CensorshipVoidlyMethodologyInfrastructure

Probing 80 domains across 4 protocols from 37+ vantage points every 5 minutes sounds mechanical. In practice it is a resource-allocation problem with at least three competing constraints: measurement coverage (every domain in every country, on every relevant protocol), probe safety (a probe that hammers all 80 sites in 30 seconds looks like a scanner to a deep-packet inspection system), and freshness (when censorship is actively changing, the most important domains need sub-5-minute resolution, not a 20-minute slot in a round-robin queue).

The measurement scheduler is the system that reconciles those constraints. It runs on the control server, not on any individual probe. At the start of each 5-minute window it generates a MeasurementPlan for every active probe — a prioritized, jittered task list telling the probe exactly which domains to measure, via which protocols, and in what order. This post documents how that plan is constructed.

The measurement budget problem

The naive framing of our measurement surface is: 80 domains × 4 protocols (DNS, TCP/443, HTTP, HTTPS) × 200 countries = 64,000 measurement slots per 5-minute window. That number is manageable in aggregate, but it obscures a structural asymmetry in how our probe network is distributed.

Our 37+ probes do not cover 200 countries equally. High-risk countries — those with active censorship regimes and the highest demand for measurement data — have multiple probes on multiple ASNs. A country like Germany or Japan may have one or two probes primarily for baseline comparison. Countries we have no probe presence in at all are covered only by OONI and CensoredPlanet in our cross-source reconciliation layer; Voidly contributes no direct measurement data there.

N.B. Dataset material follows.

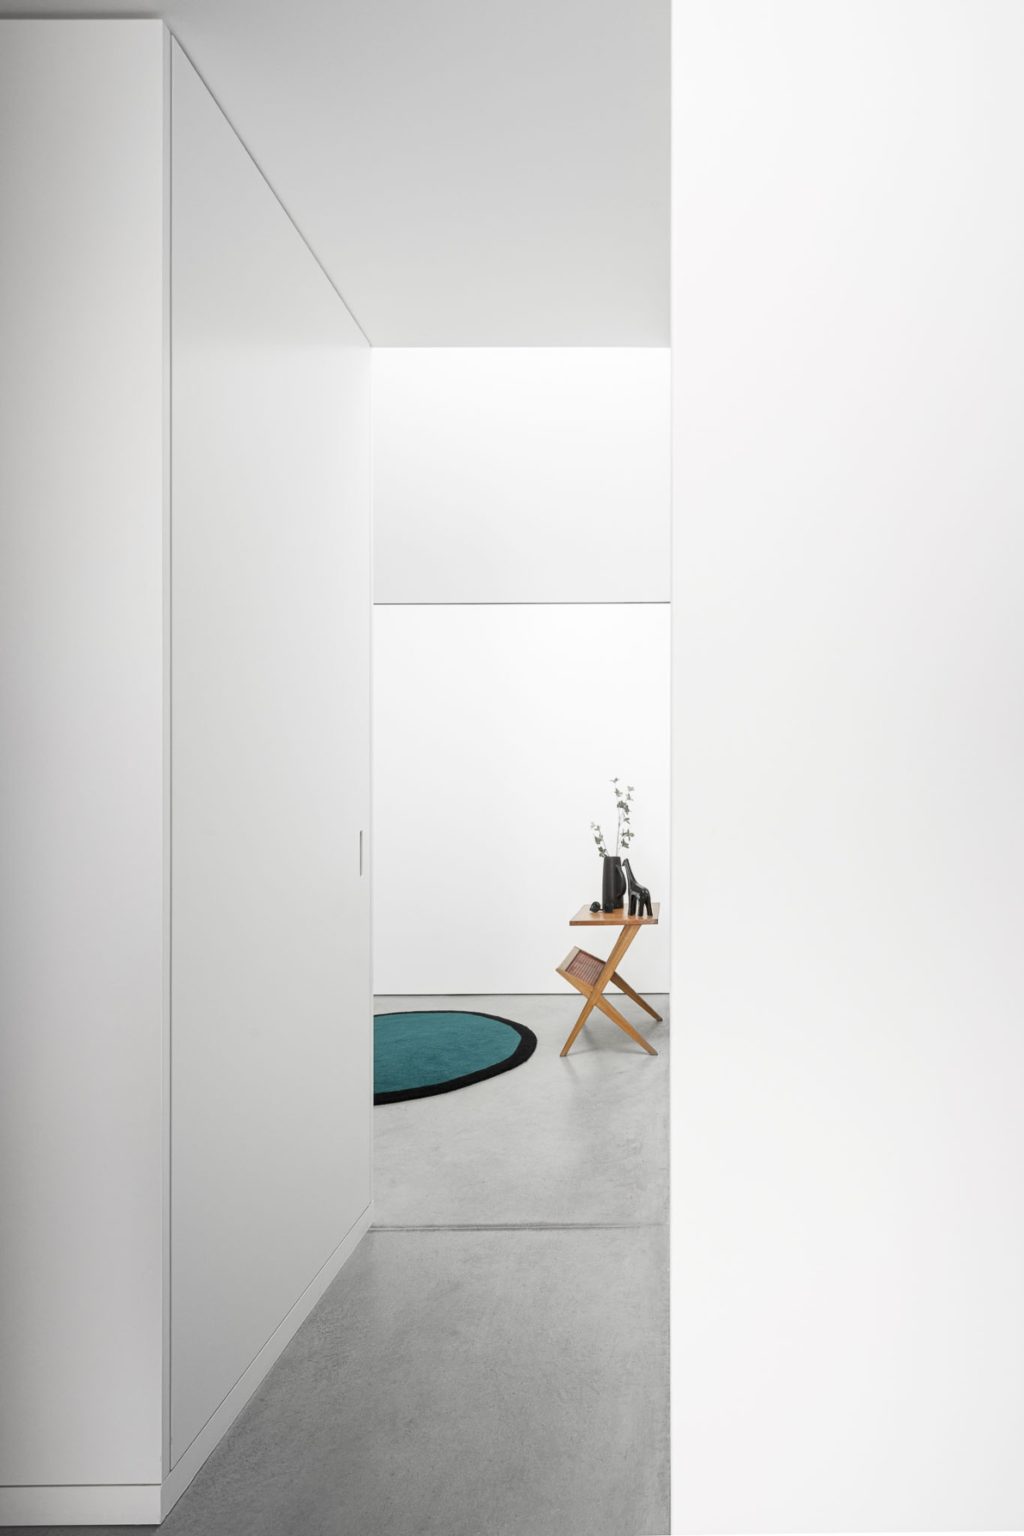 A Cozy Home Retreat in Sta Joana. NU.MA architects. Ph Ivo Tavares Studio

For a country with 4 active probes, a naive full-coverage schedule would generate 80 × 4 = 320 tasks per probe per 5-minute window. At 3 concurrent measurement threads per probe (the maximum we set to avoid triggering rate limits), a 320-task queue takes approximately 4–5 minutes to complete, which leaves essentially no slack in the window. Any probe slowdown — a high-latency TLS handshake, a stalled HTTP response waiting for a timeout — pushes measurements into the next window and creates a gap in coverage exactly when we need it most.

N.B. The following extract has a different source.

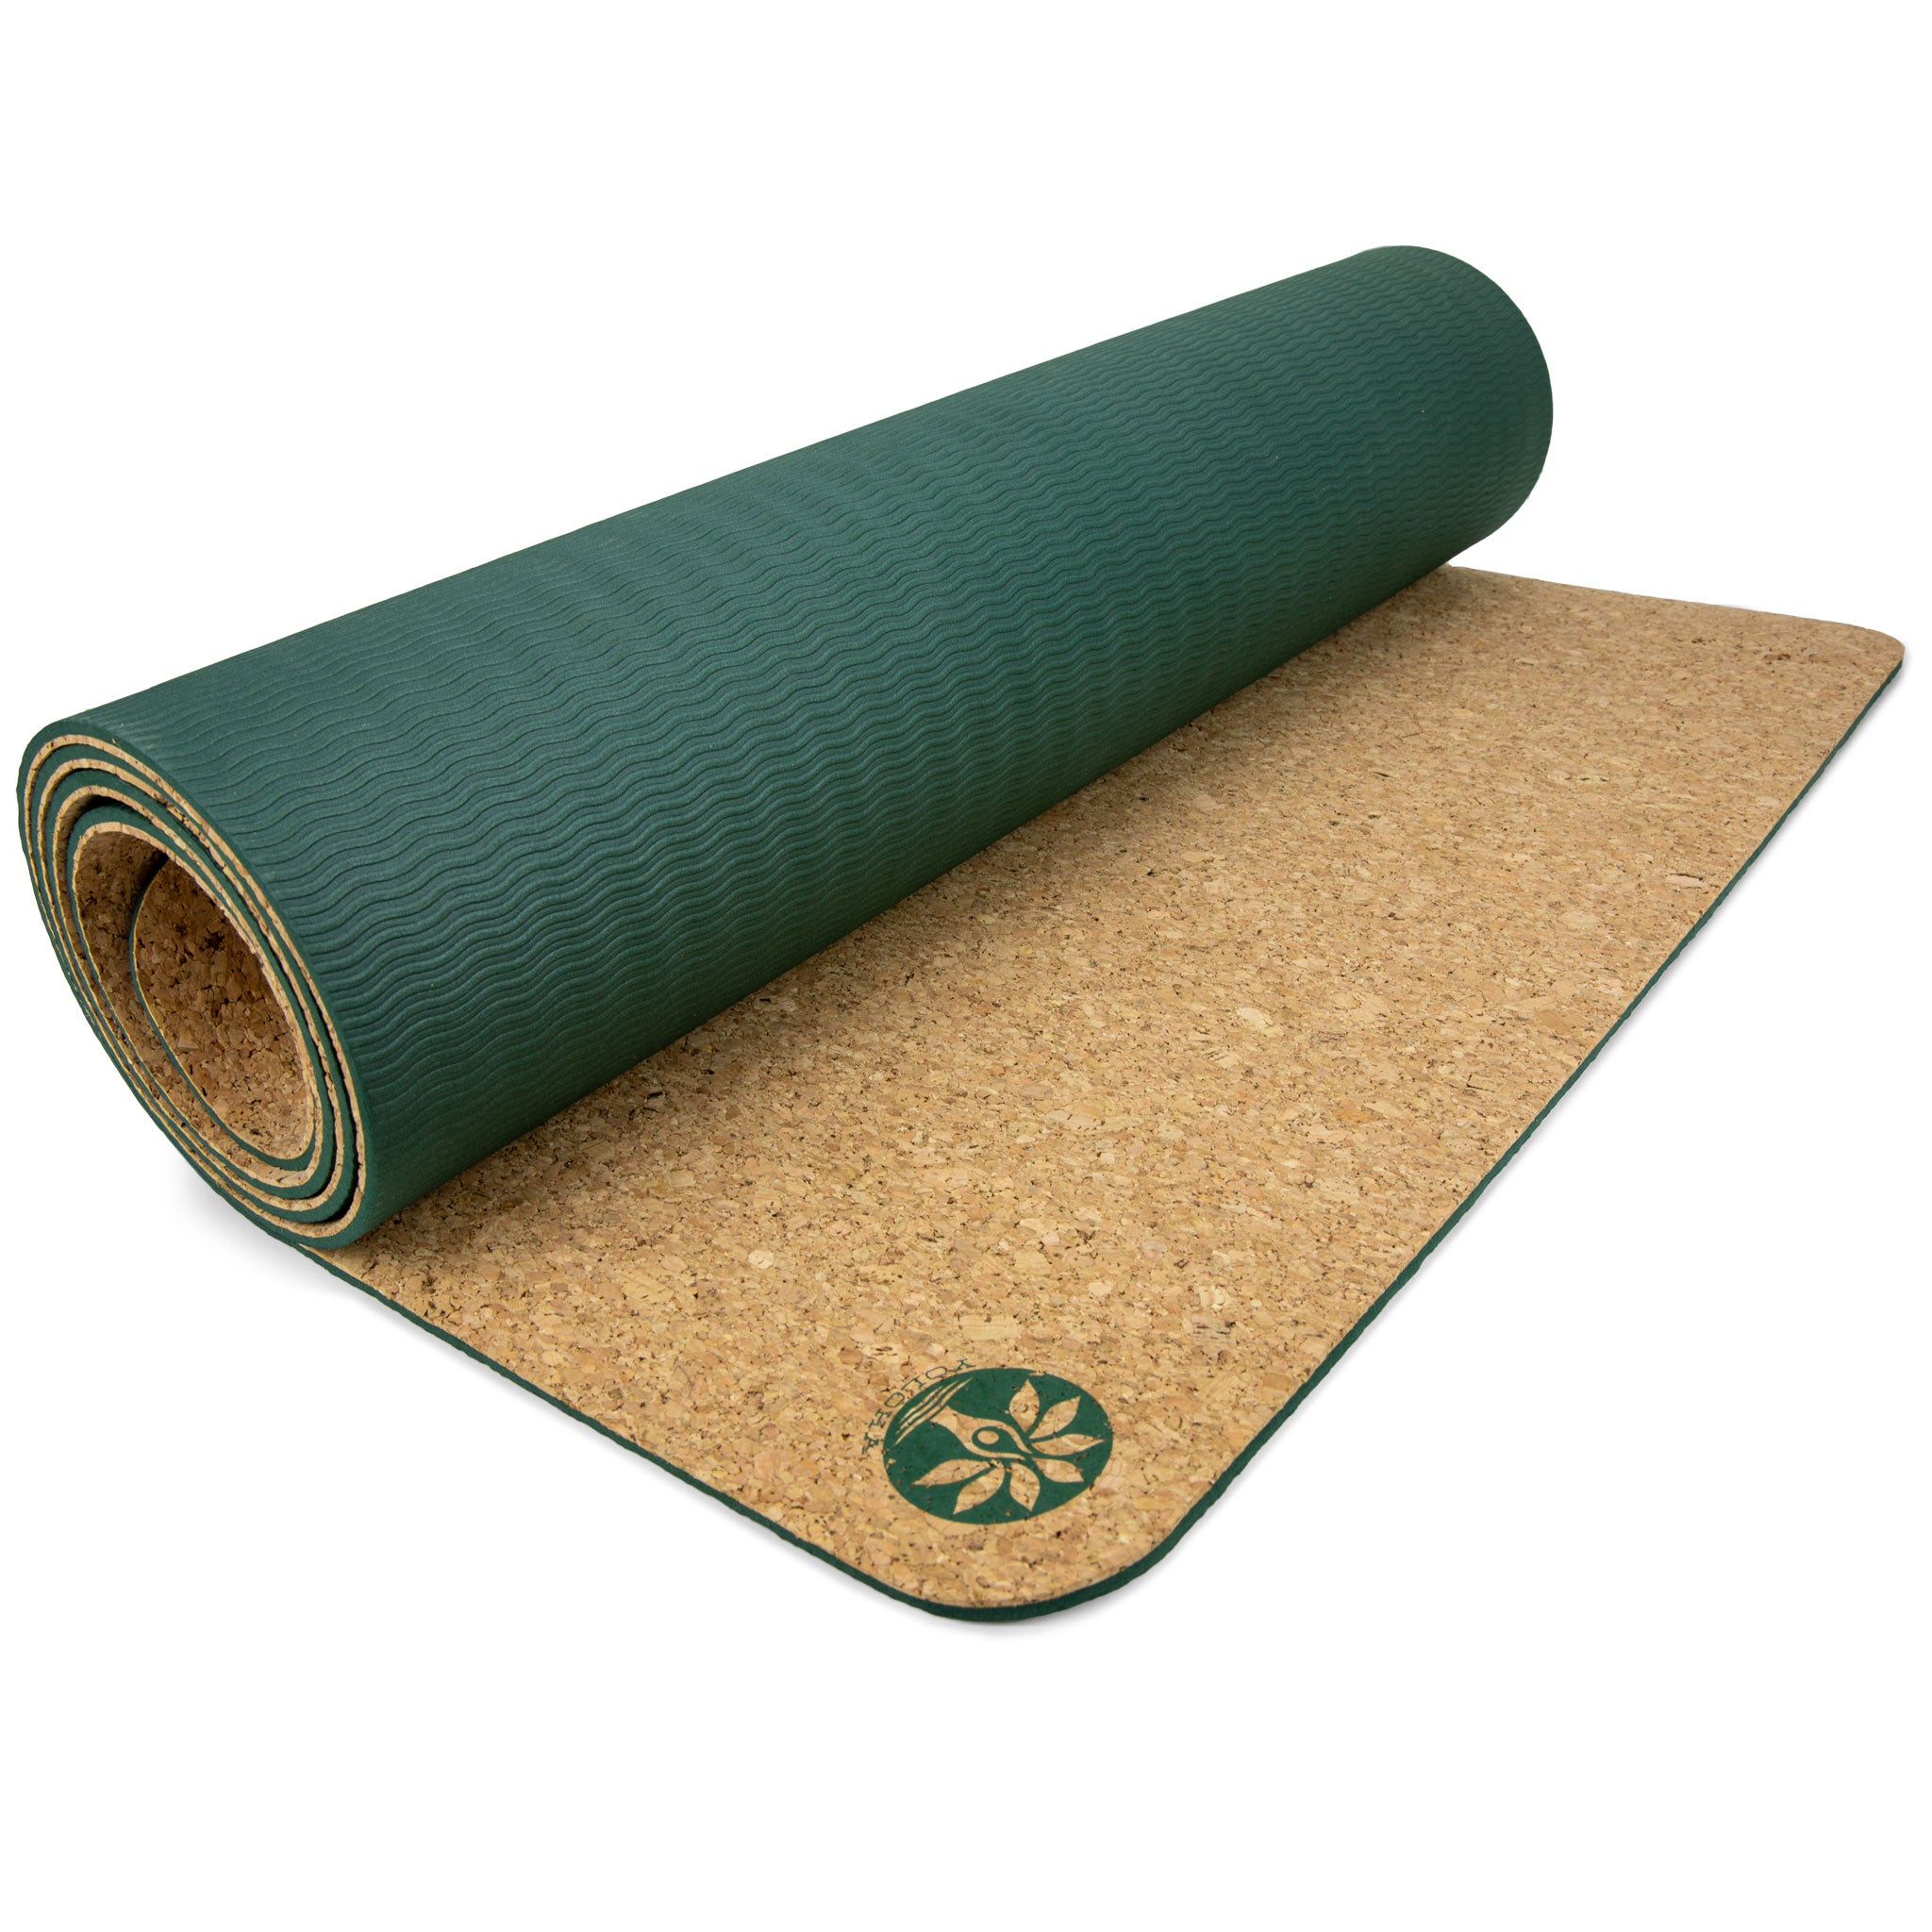 Luxury Cork Yoga Mat- Hot Yoga Mat 5mm with Carrying Strap- Bikram Yoga Mat, Best Yoga Mats for Fitness & Pilates- Eco Friendly Yoga Mat Cork- Cork

The scheduler's job is to reduce that 320-task naive budget to something closer to 50 tasks per window while preserving coverage for the domains and protocols that actually reveal censorship. In steady state, across the global probe network, we average 49 tasks per 5-minute window per probe — a 37% reduction from naive full coverage.

The MeasurementPlan data model

The scheduler produces two dataclasses. MeasurementTask represents a single domain + protocol combination that a probe should execute. MeasurementPlan is the complete set of tasks the probe should run in a given 5-minute window, along with constraints on concurrency and timing:

@dataclass
class MeasurementTask:
    domain: str
    protocols: list[str]     # ['dns', 'tcp', 'http', 'https'] or subset
    priority: int            # 0 (low) to 10 (high)
    jitter_ms: int           # random delay before executing this task
    expected_duration_ms: int

@dataclass
class MeasurementPlan:
    probe_id: str
    window_start: datetime
    window_duration_s: int   # 300 (5 minutes)
    tasks: list[MeasurementTask]
    max_concurrent: int      # typically 3 (avoids rate-limit triggers)

The probe receives its plan at the start of each window via the WireGuard tunnel. It executes tasks in priority order, respecting the jitter_ms offset on each task and never exceeding max_concurrent parallel requests. Tasks that do not complete within the window are abandoned — we do not carry incomplete tasks across window boundaries. Instead, the scheduler compensates in the next window via the recency boost described below.

The plan is generated server-side rather than on the probe for two reasons. First, the priority computation requires database queries — recent anomaly rates, hours since last measurement, historical block patterns — that the probe does not have access to. Second, centralized scheduling lets us coordinate across probes in the same country: we can ensure two probes on different ASNs measure the same domain in the same window without duplicating that logic on each device.

Domain priority tiers and how they are computed

Not all 80 domains are equally urgent. The scheduler assigns each domain a priority score from 0 to 10 for each country, computed from three inputs: a category base score, a recent anomaly boost, and a recency boost for domains that have not been measured recently.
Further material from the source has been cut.